Code Monkey home page Code Monkey logo

url-collector's Introduction

URL Collector

The URL collector is an application that crawls the Common Crawl corpus for URLs with the specified file extensions.

Architecture

The application suite is a distributed system to increase the processing speed. It can be deployed to one machine, but if the crawling speed should be increased, the slave application can be deployed to multiple machines.

The url-collector suite is built from three applications.

URL Collector Master

Knows what WARC files (work units) should be crawled, store this data in a database and distribute the work to the slave applications.

URL Collector Slave

Gets a work unit (effectively a Common Crawl WARC file) from the Master application, that should be parsed for URLs. Parse the urls then upload the results to a warehouse.

URL Collector Merger

Merge the crawl results in a warehouse into one big file, while doing so, removing the duplicate entries in the files.

Installation

To start crawling, you need to have Java and MongoDB installed on your machine.

Installing Java

First, you need to download the Java 17 Runtime Environment. It’s available here.
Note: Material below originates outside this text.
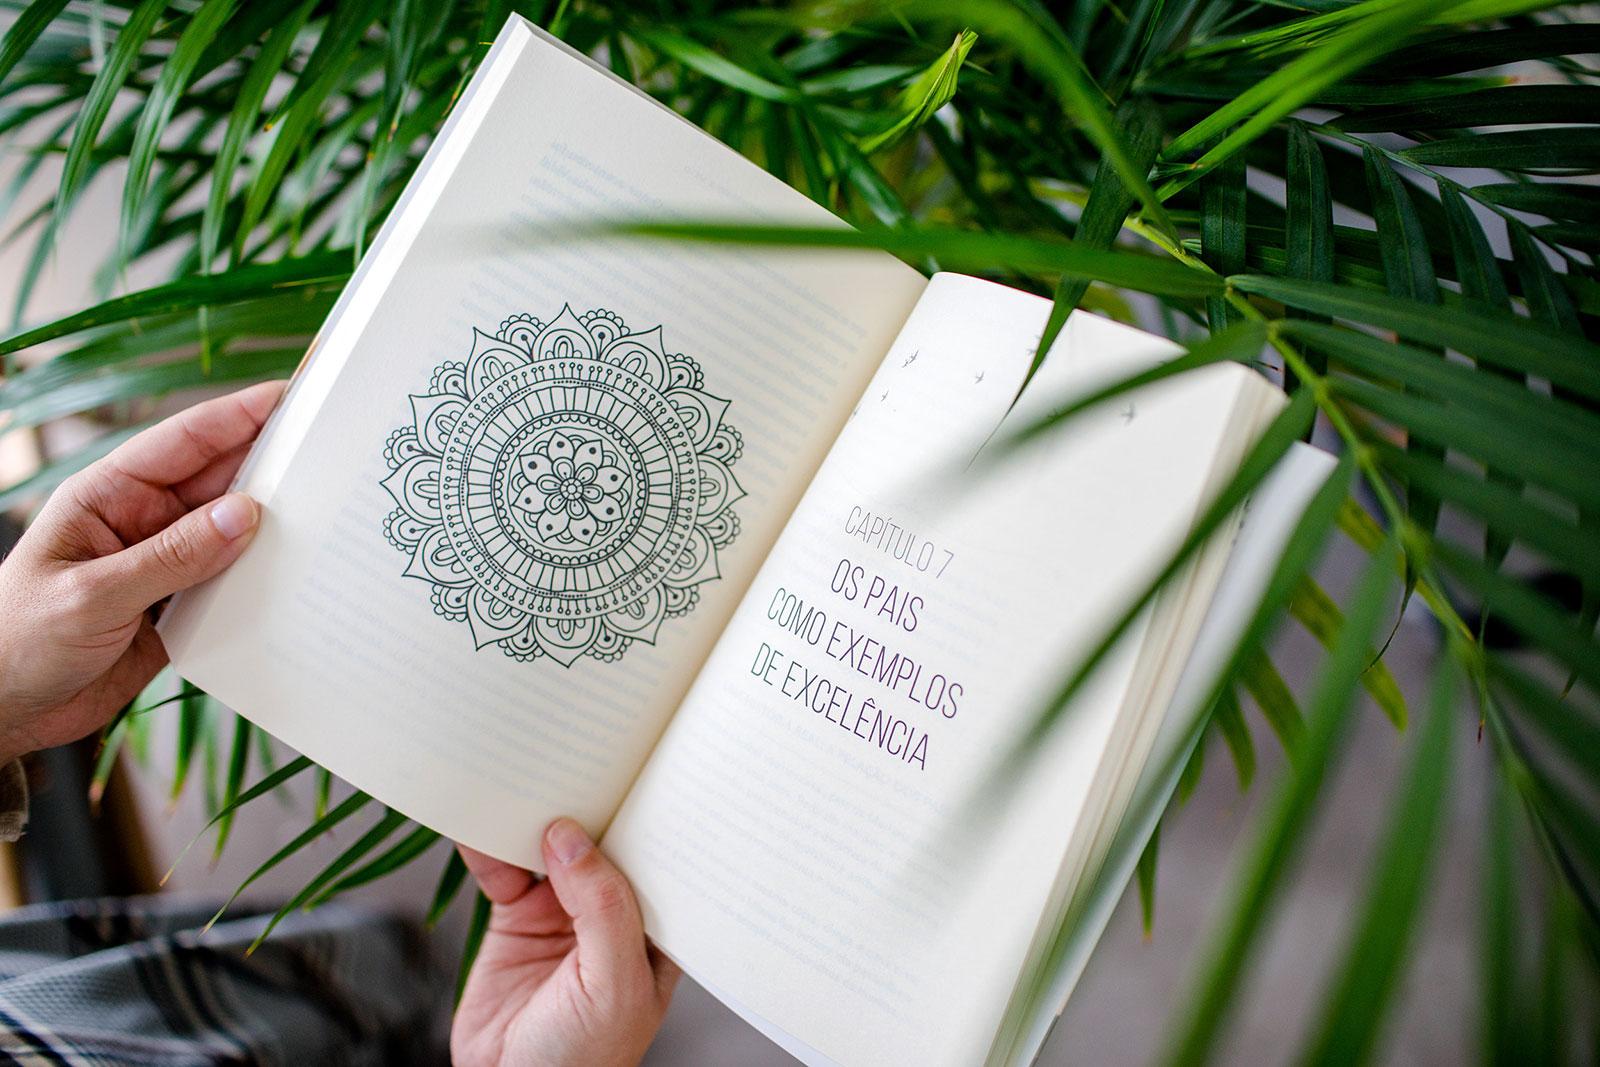 Página com Mandala, no livro Gurus de Palmo e Meio, de Rita Aleluia

After the download is complete you should run the installer and follow the directions it provides until the installation is complete.

Once it’s done, if you open a command line (write cmd to the Start menu’s search bar) you will be able to use the java command. Try to write java -version. You should get something similar:

java version "15" 2020-09-15
Java(TM) SE Runtime Environment (build 15+36-1562)
Java HotSpot(TM) 64-Bit Server VM (build 15+36-1562, mixed mode, sharing)

Installing MongoDB

Download MongoDB 5.0 from here. After the download is complete run the installer and follow the directions it provides. If it’s possible, install the MongoDB Compass tool as well because you might need it later for administrative tasks.

Running the Master Application

You can download the Master Application from our release page. Please take care to choose a non "pre-release" version!

After the download is complete run the application via the following command:

java -jar url-collector-master-application-{release-number}.jar ...

In the place of the …​ you should write the various parameters with two dashes in the beginning and an equal sign between the parameter’s name and it’s value. For example:

java -jar url-collector-master-application-{release-number}.jar --example.parameter=value

Parameters

Table 1. Parameters
Parameter Description

database.host

The host location of the MongoDB database server. (Default value: localhost)

database.port

The port open for the MongoDB database server. (Default value: 27017)

database.uri

If present and not empty, it overrides the host and port parameter. Let the user inject a MongoDB Connection String directly. Should be used to define the credentials and other custom connection parameters. (Default value: "")

server.port

The port where the master server should listen on. (Default value: 8080)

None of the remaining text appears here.